Historic church in Tennessee, United States

Whitwell Cumberland Presbyterian Church is a Cumberland Presbyterian congregation in Whitwell, Tennessee. The church is located at 876 S. Main Street, Whitwell, Tennessee, and is listed on the National Register of Historic Places.

== History ==
Organized in 1842 as Cheekville Cumberland Presbyterian, the name was changed to Whitwell Cumberland Presbyterian in 1878, to reflect the renaming of Cheekville to Whitwell. As of 2018, the church shares a pastor with Ebenezer Cumberland Presbyterian Church and Oak Grove Cumberland Presbyterian Church. The church currently has less than 10 members in its congregation and is a part of the Tennessee Georgia Presbytery.
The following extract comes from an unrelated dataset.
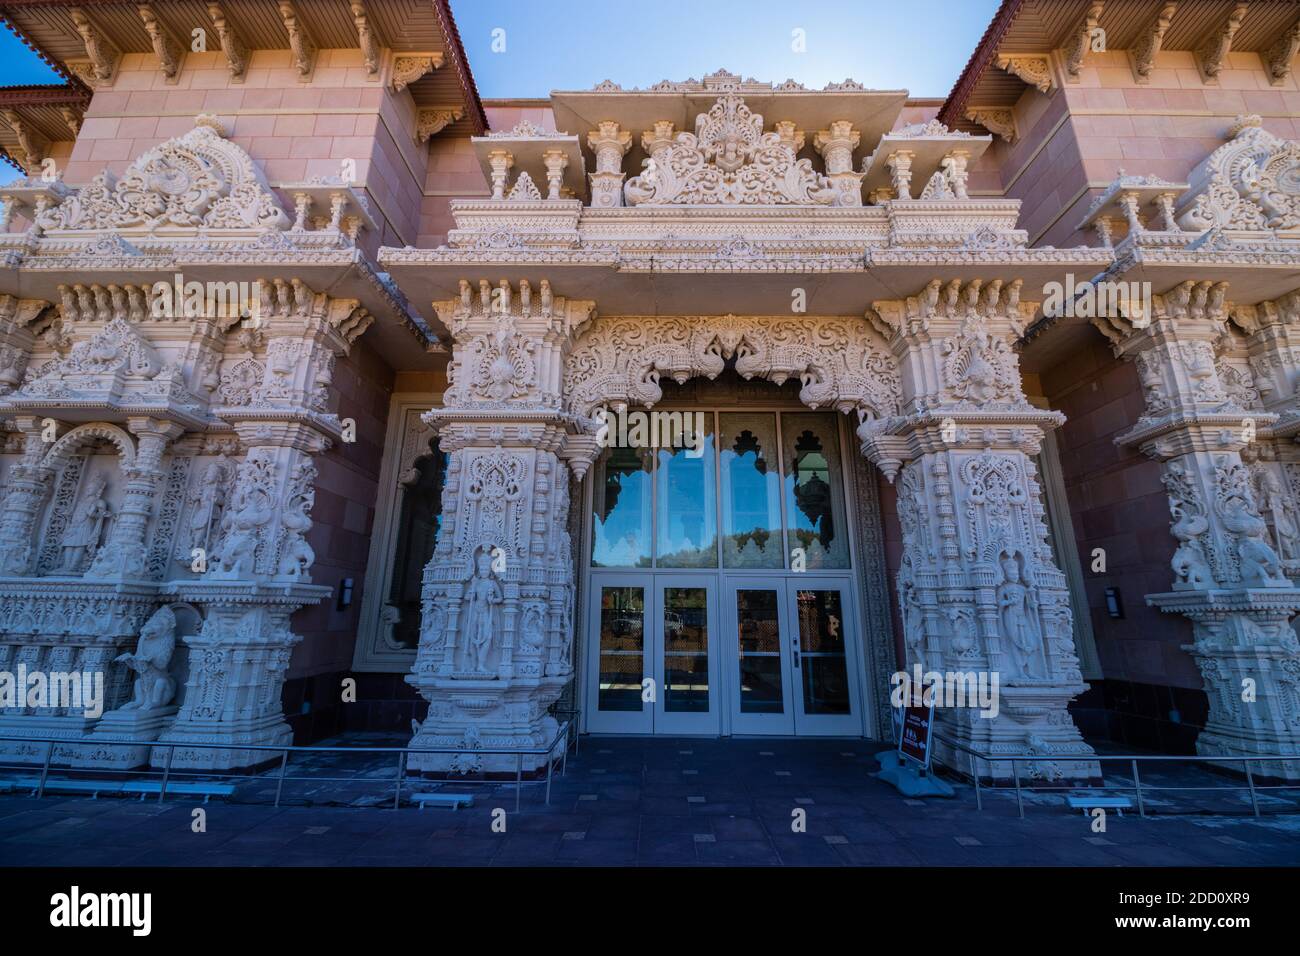 Hindu-Tempel in Nordamerika haben ihren eigenen Charme. Erbaut von wohlhabenden Einwanderern, sind dies soziale Einstellungen, die Menschen aus Indien und SR anziehen Stockfoto
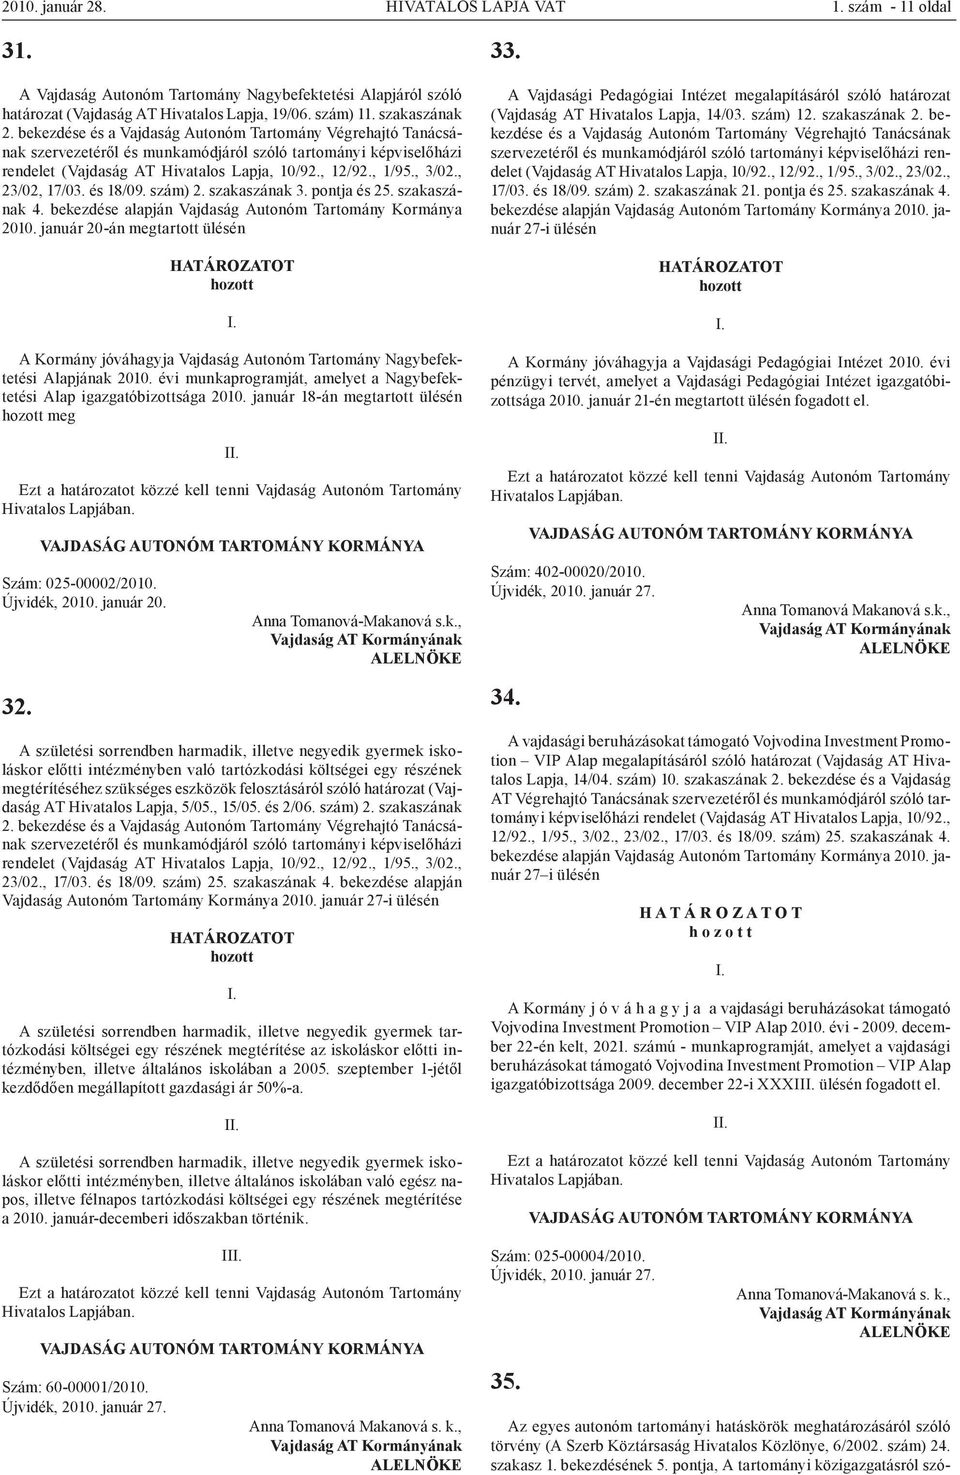 , 23/02, 17/03. és 18/09. szám) 2. szakaszának 3. pontja és 25. szakaszának 4. bekezdése alapján Vajdaság Autonóm Tartomány Kormánya 2010.

The church and parish house were listed on the National Register of Historic Places in 2018.

== Description ==
Whitwell Cumberland Presbyterian Church is an example of the Gothic Revival architectural style. The gable-front rectangular plan building exhibits a simple execution of the Gothic Revival style and maintains a high degree of integrity with arched windows, weatherboard siding with unique decorative notching in the façade gable field, a central square belfry, roof covered with pressed tin ribbed scalloped shingles and a stone pier foundation. The interior features original wood pews and pulpit, and hardwood floors that have been covered in carpet.